Bu arada dini neşriyatta tamamen yasaklanarak, din aleyhinde bulunan yayınlar teşvik edildi. Komünist neşriyatın öncülerinden Zekeriya sertel ve eşi de devletin dine bakış açısının değişmesini fırsat bilerek Resimli Ay neşriyatı ile 1927 yılında Ahiret inancını ve dinin varlığını sorgulamaya başlarlar. Böylece rejim ile komünistler din karşıtlığında beraber hareket ederler.
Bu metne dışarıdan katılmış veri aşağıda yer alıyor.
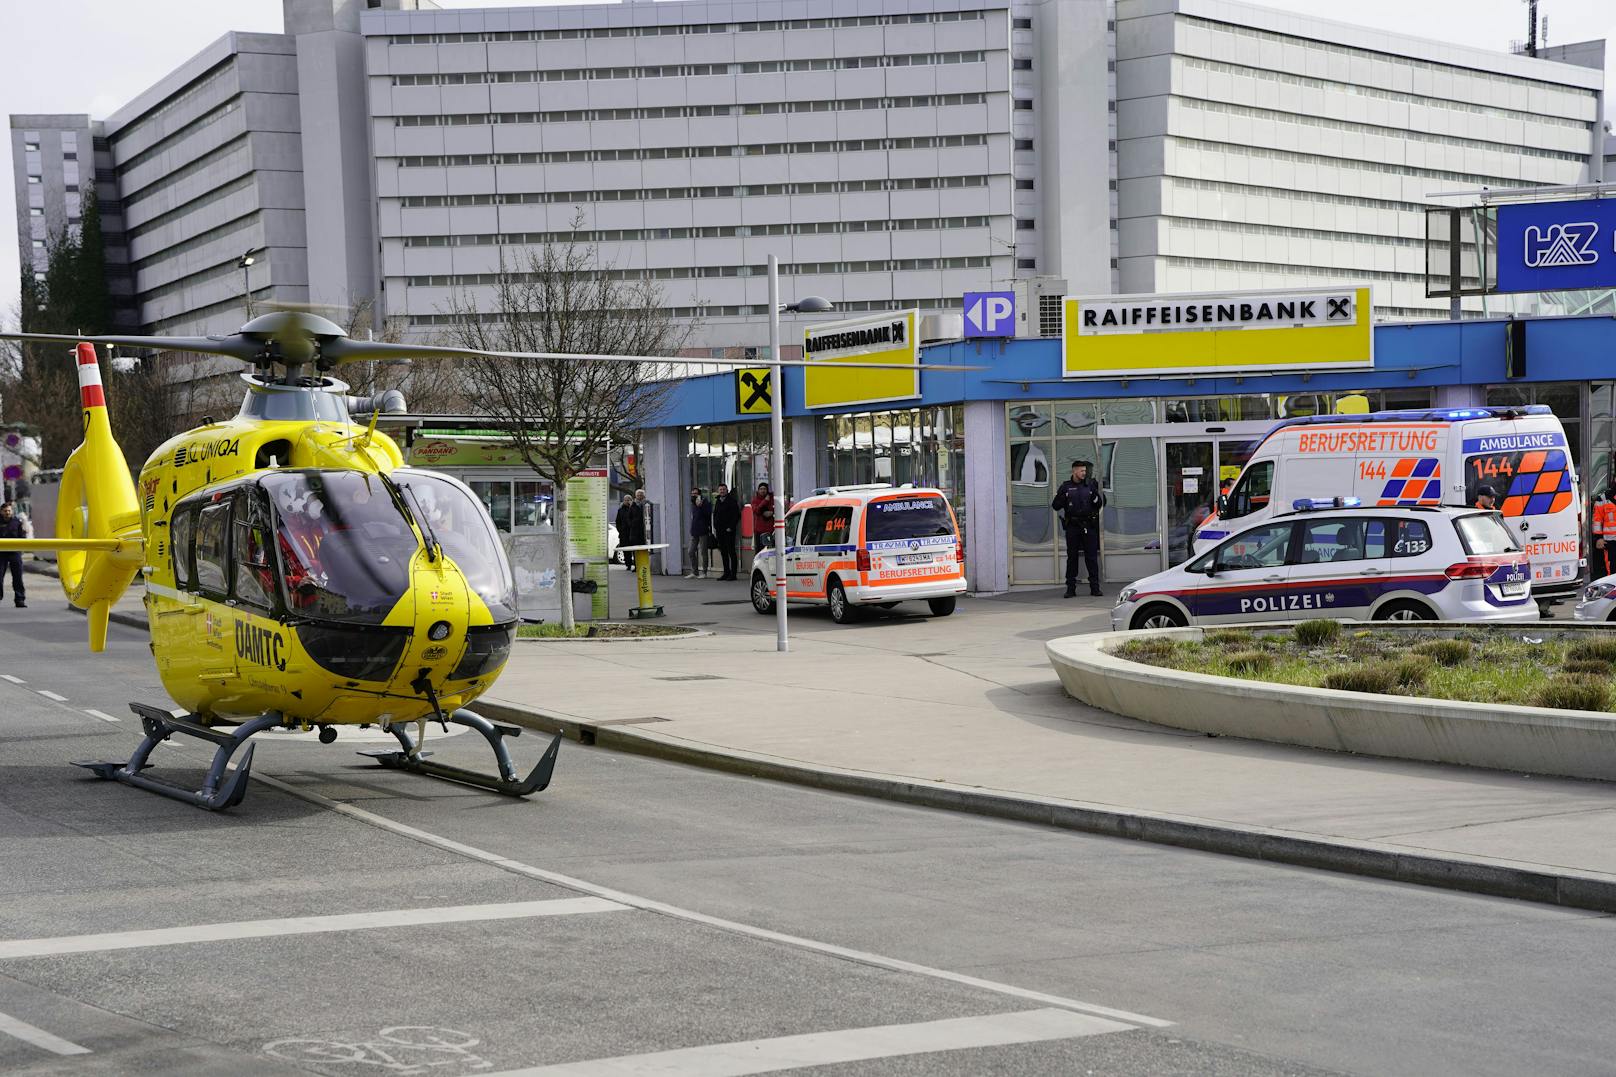 Die verletzte Frau wurde notfallmedizinisch versorgt und ins Spital geflogen.
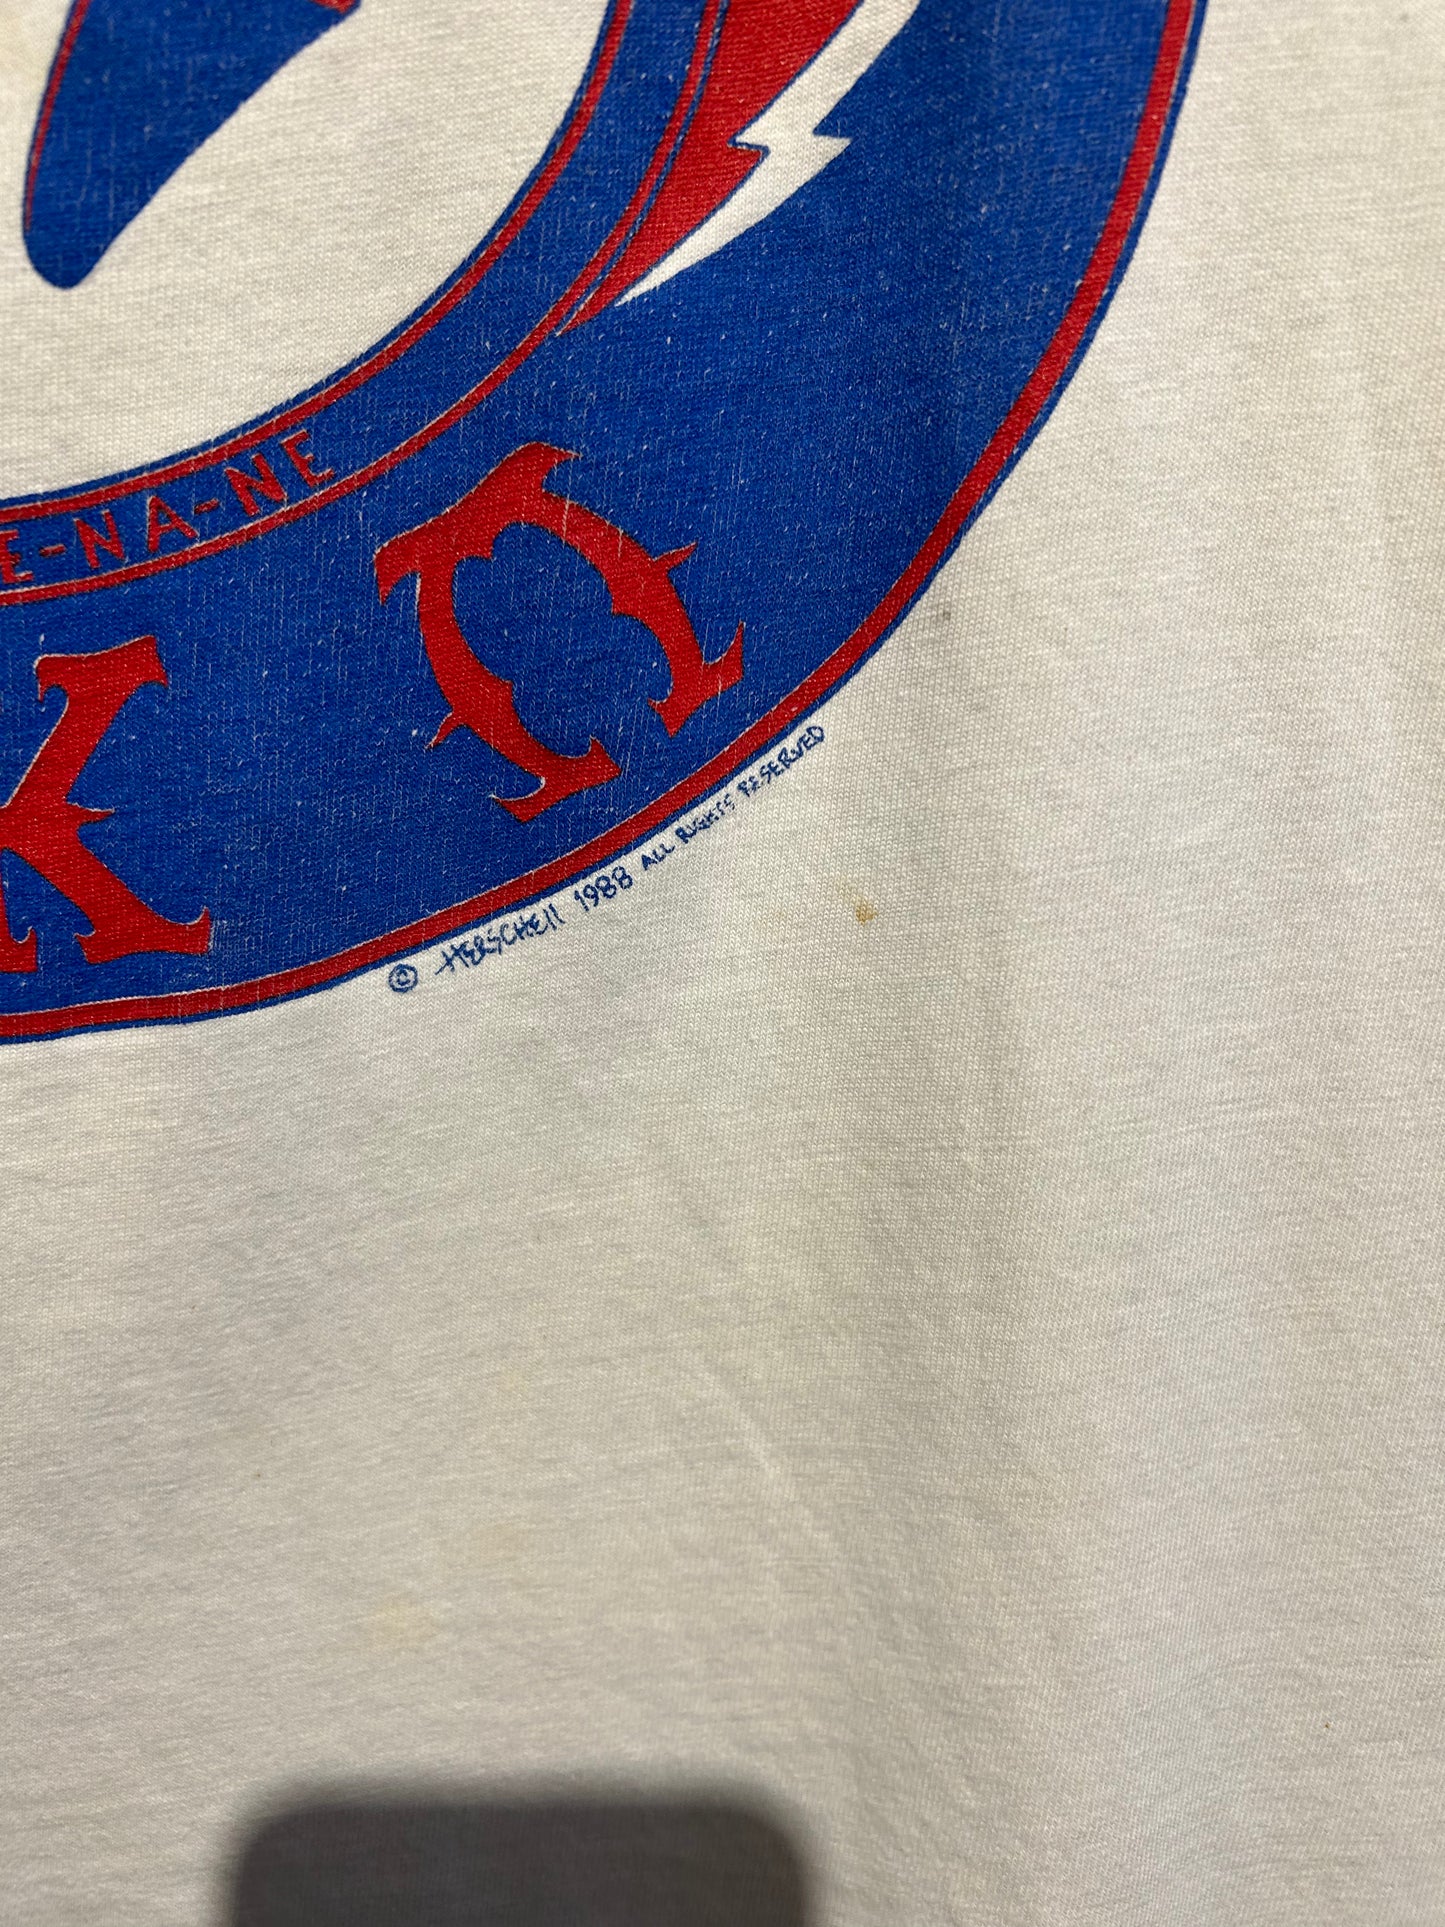 1988 Grateful Dead Iko Iko T-Shirt. Size M/L

İşte bu mecmuanın Nisan 1927 sayısının kapak konusu zamanın şöhretli isimlerine “Ahirete inanıyor musunuz?” şeklindeki tek soruluk anket üzerindedir. Aslından fikir ısmarlama ve yukarılarda bir yerlerden sipariştir.
Uygulama, cumhuriyetin ilk dönemlerinde sözde düşünce hürriyetinin zemininde sivil yayın faaliyeti görünümündedir. Daha sonra bu anket sorularının bir de “Ahiret var mıdır?” şeklindedir. Bu anket ve cevaplarından oluşan ve dergi fasiküllerinde “Din serisi” adında dinsizlik fikirlerinin işlendiği güya dini külliyat olarak yayınlanmıştır.
Tam bu dönemde Bediüzzaman’ın Barla’da Şamlı Hafız Tevfike “Yaz Şamlıı!!!“ diye karşı dağlarda yankı yapan haykırışı ile yazdırdığı Onuncu Söz’ün telifi aynı dönemdir. (2)
Ahiret Var mıdır? 1927 Din niçin ölüyor? 1927
Bediüzzaman Said Nursi bu planlar ve tedbirler alınırken Van’daki inzivagahından alınarak 1926 yılında Burdur’a sürgün edilir. Yapılan planların farkında olduğundan burada hemen Nur’un ilk kapısı isimli eserini neşreder. Akabinde 1 Mart 1927 tarihinde bu defa Barla’ya sürülür.
Kendisi Barla’da iken Risale-i Nurların neşir hizmetleri başlar ve ilk eser olan Onuncu Söz diğer adı ile Haşir Risalesini 1928 yılında İstanbul’da bastırır. Kuş uçmaz kervan geçmez bir belde de devletin dini eğitimi kaldırma teşebbüslerine bütün imkânsızlıklara rağmen karşılık verir. Eğitim komisyonlarında alınan ahiret inancını kaldırma kararlarına karşı Haşir risalesini mecliste dağıttırır.
Onuncu Söz Haşir Risalesi 1928
Latin harflerinin kabulünün ardından Millet mektepleri kurularak halkın mecburiyetle dört aylık eğitim sürecinden geçirilmesi planlanmıştır. Aynı tarihlerde Risale-i Nur telifi devam ederken Nur mektepleri ile hem kur’an harfleri korunmuş, hem de din eğitiminin yasaklanmasından dolayı iman hizmeti yurdun her tarafına yayılmıştır. Binlerce el yazması risale Nur postacıları tarafından yayan olarak köyden köye ilden ile elden ulaştırılmıştır. Devletin bütün engellemelerine rağmen yirmi üç senede telifi tamamlanan iman merkezli bu eserler milyonlara ulaştırılmıştır.